He was subsequently transferred from the gastroenterology clinic to the emergency department and underwent extensive interdisciplinary workup between gastroenterology, surgery, pulmonology, and ENT. He was diagnosed with gastric outlet obstruction following an upper gastrointestinal series (UGI) (Figures 1, 2). The patient underwent a pyloroplasty. He also underwent a brain MRI, which showed corpus callosum hypoplasia and cortical malformations in the frontal-parietal lobes, suggestive of pachygyria (Figure 3). The patient was evaluated over two additional months. He returned to the clinic, now at four months of age, to follow up status/post pyloroplasty. The family reported that he had experienced poor progression in developmental milestones, most notably secondary to profound hypotonia. Additionally, over the last few months, physical therapy and feeding therapy have been incorporated. Due to the patient’s hypotonia and inability to support his head, he was struggling to feed by mouth, consistent with oropharyngeal motor dysfunction. In addition to the failure to thrive, global developmental delay and hypotonia, the patient also experienced associated symptoms of ichthyosis and on examination, the patient had roving eye movements. It was recommended the family obtain genetic testing, uncovering a diagnosis of CEDNIK syndrome, with the parents being carriers for the disease. The patient’s genetic report yielded a region of homozygosity (13.7 Mb) at 2p25.2p24.2(4951900_18695114).
Upper GI tract showing severe gastroesophageal refluxGI: Gastrointestinal
Upper GI tract showing significant narrowing of pyloric channel with very minimal gastric emptying consistent with gastric outlet obstructionGI: Gastrointestinal
Patient's brain MRI showing corpus callosum hypoplasia and cortical malformations in the frontal-parietal lobes, suggestive of pachygyria Corpus callosum hypoplasia** Pachygyria*
The patient's treatment remained focused on feeding tolerance. Achieving appropriate weight gain is essential to maintain a healthy growth as well as progress to meet developmental milestones. The incorporation of feeding and physical therapies with focused treatment on oropharyngeal control have shown positive results, however, transition to pureed or solid foods is not indicated at this time due to inability to support his head on his own.
Discussion
As initially described in 2005, CEDNIK syndrome is known to be an autosomal recessive and genetically mapped to the 22q11.2 gene [3] with disease manifestation in the homozygous haplotype [3]. This homozygous haplotype spanned four Mb and has been found to be shared amongst all afflicted patients, and are absent or carried in a heterozygous state, by otherwise healthy family members [3]. Additionally, in the 19 patients reported with CEDNIK syndrome, there is not a clear genotype-phenotype correlation [2]. The SNAP29 protein can further be described as encoded by a 5-exon gene, which is involved with intracellular membrane structures, playing a role in membrane trafficking processes [4]. SNAP29 is then involved with binding multiple syntaxins and aiding in vesicle transport, recycling, and fusion, via its two soluble N-ethylmaleimide-sensitive fusion protein attachment protein receptor (SNARE) domains [4]. Through the SNARE protein, SNAP29 is also able to affect autophagy, cell motility, and ciliogenesis [4].
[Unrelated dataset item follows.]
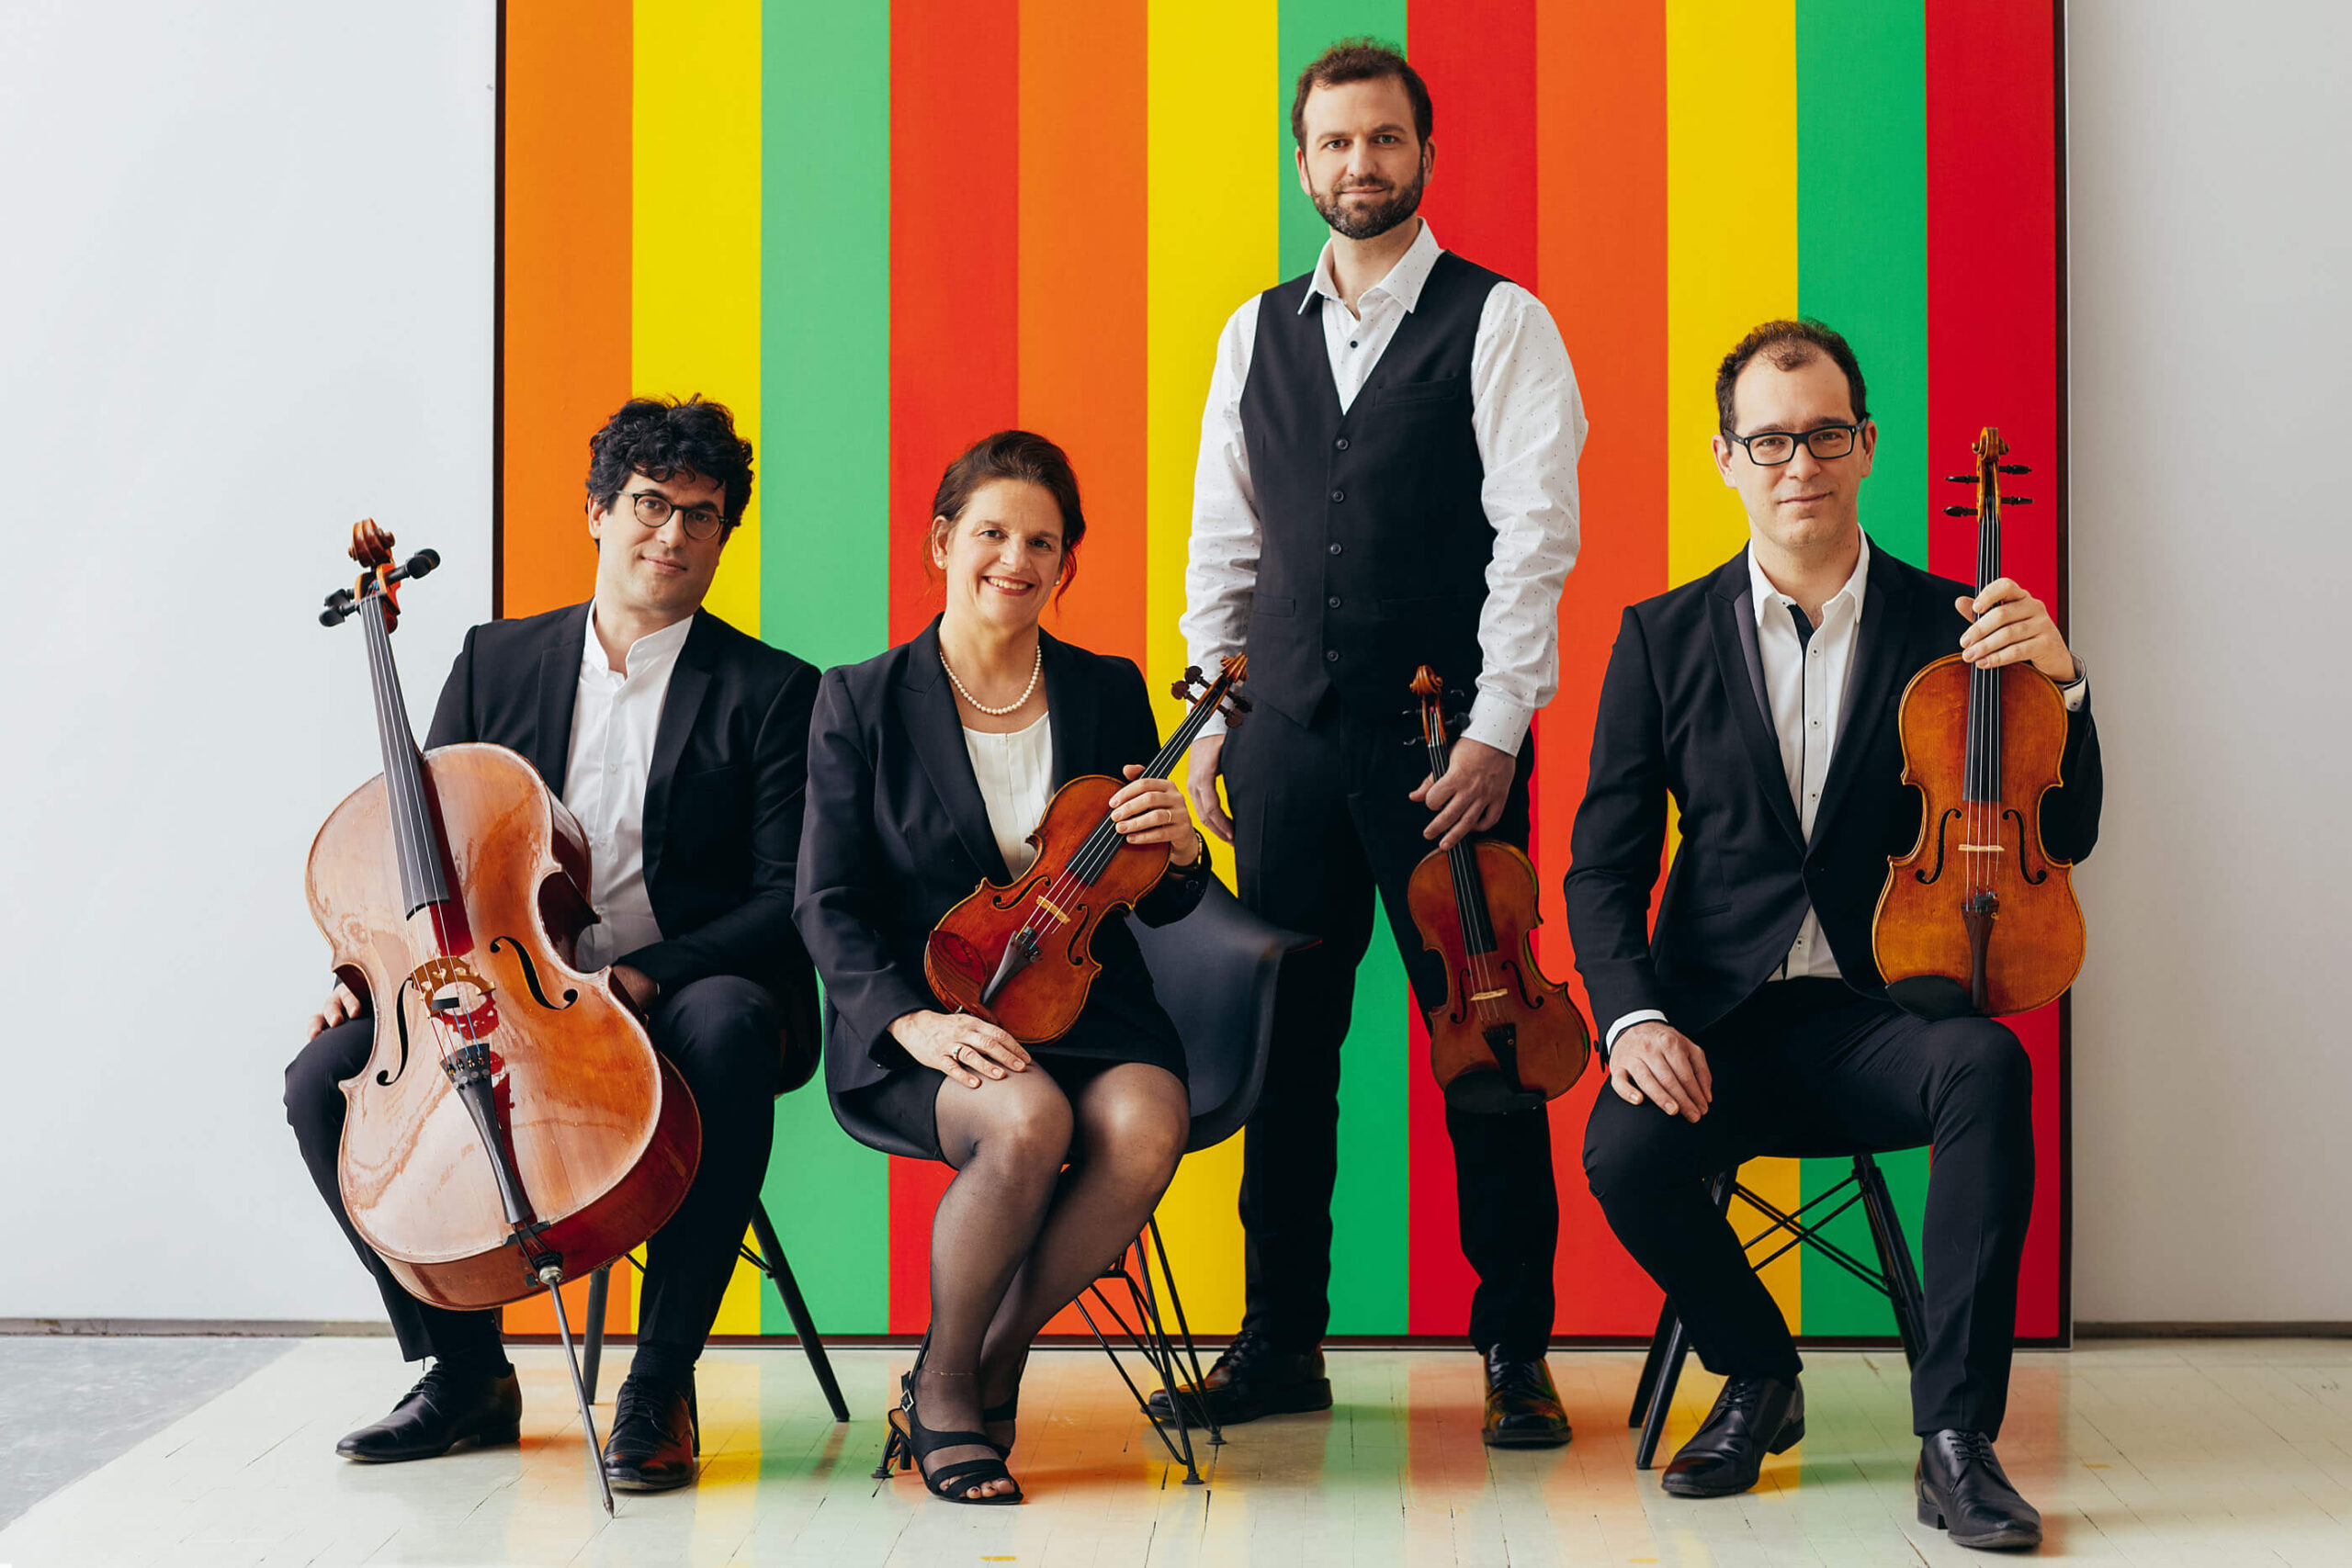 Quatuor Molinari 2018 photo

The significance of understanding the pathophysiology pertains to its correlation with proposed disease mechanisms. The role of SNARE domains is tied to the brain during development, with axonal growth, synaptogenesis, and neurotransmission [3]. In terms of neurotransmitter regulation, SNAP29 is involved through attenuation of the recycling of fusion machinery, thus slowing synaptic vesicle turnover [3]. SNARE complex formation and dissociation and recycling are vital for synaptic transmission, which can serve as an explanation for why patients develop the aforementioned neurologic sequelae [3]. SNARE proteins also play a significant role in the development of the retina, thus suggesting why patients tend to develop roving eye movements, which are a common initial presenting sign in the disease process [3].
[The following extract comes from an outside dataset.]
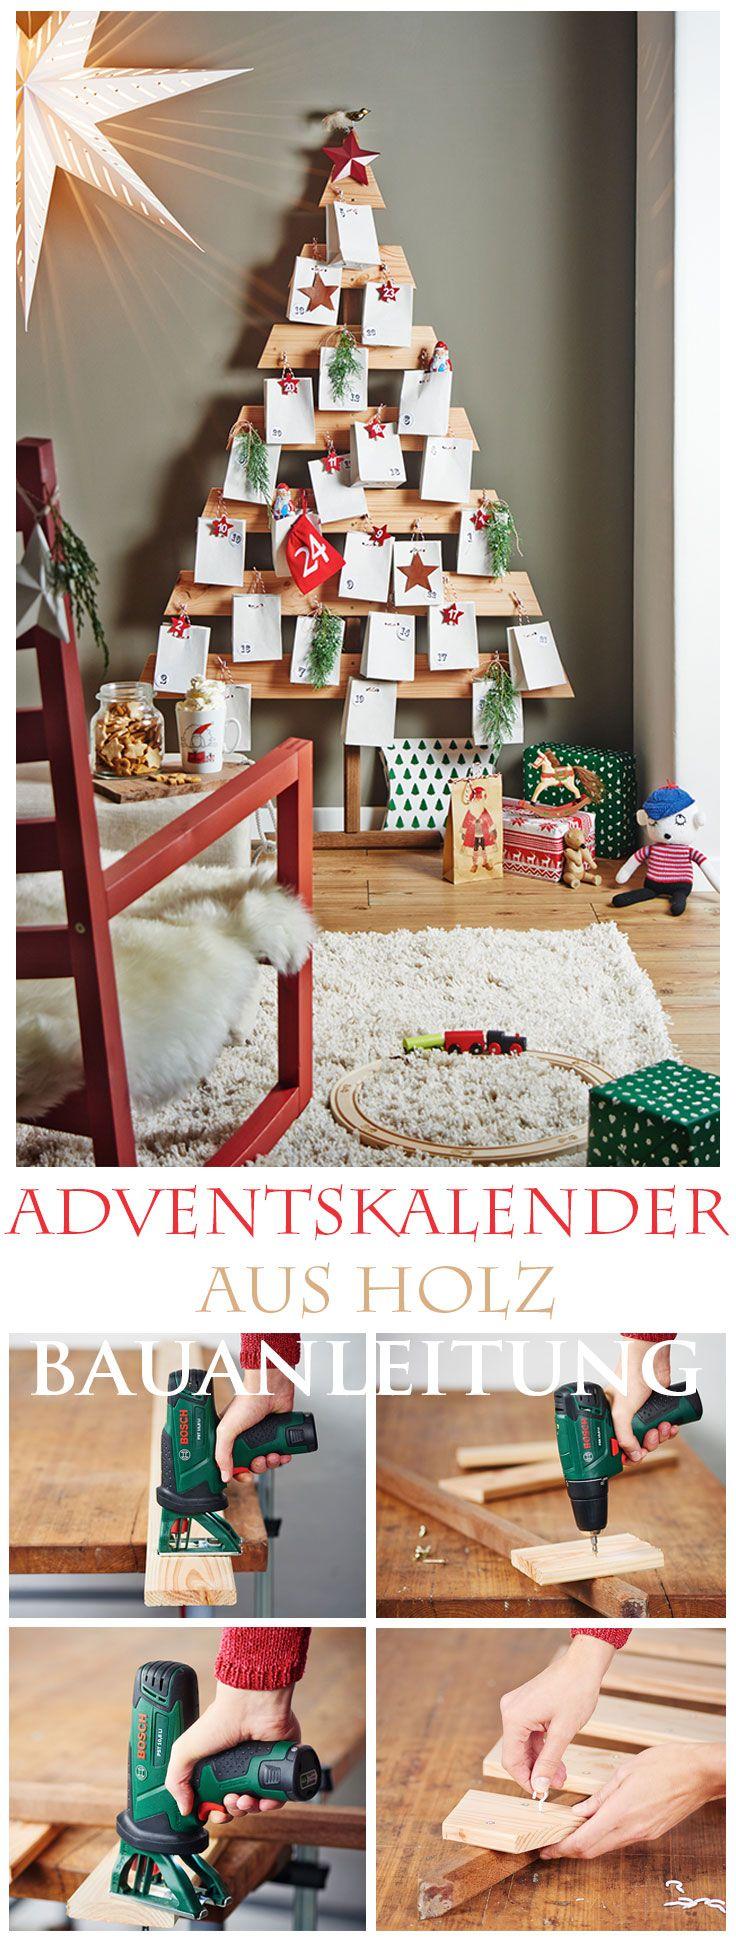 Adventskalender Aus Holz Winter Advent Inspiration Diy Advent

Patients, such as the one described in our case, also develop dermal hyperkeratosis as well as ichthyosis. The pathophysiology undermining the cutaneous aspect of the syndrome is likely attributed to abnormal lamellar granule maturation and secretion [3]. The way this process works in normal skin is through release of lipids and proteases below the stratum corneum, which are vital in mediation of the epidermal barrier and with desmosome desquamation [3]. In CEDNIK syndrome, glucosylceramide and kallikrein products containing granules are retained in the stratum corneum, preventing desmosome detachment and leading to pathologic barrier formation, causing retention hyperkeratosis [3].
The seven cases initially reported during the primary investigation of CEDNIK syndrome showed similar disease progression amongst the patients (Table 1) [3]. Initially, patients had an uneventful gestation without abnormalities in APGAR score and birth weight [3]. In the ensuing four months of life, symptoms such as roving eye movements, poor head and trunk control, and failure to thrive were seen [3]. Between 5 months and 11 months of life in these cases, the dermatologic manifestations ensued [3]. By the age of 8-15 months of life, psychomotor slowing became prominent, as the ability to reach developmental milestones, such as sitting and walking, stalled. In our case, the patient too had an uneventful birth, however at two months, he developed failure to thrive, GERD, and stridor. He also developed gastric outlet obstruction secondary to pyloric stenosis requiring pyloroplasty. The neurologic timelines in the previously described cases also aligned with our case as the patient also had roving eye movements, along with poor head and trunk control, attributed to profound hypotonia by this time.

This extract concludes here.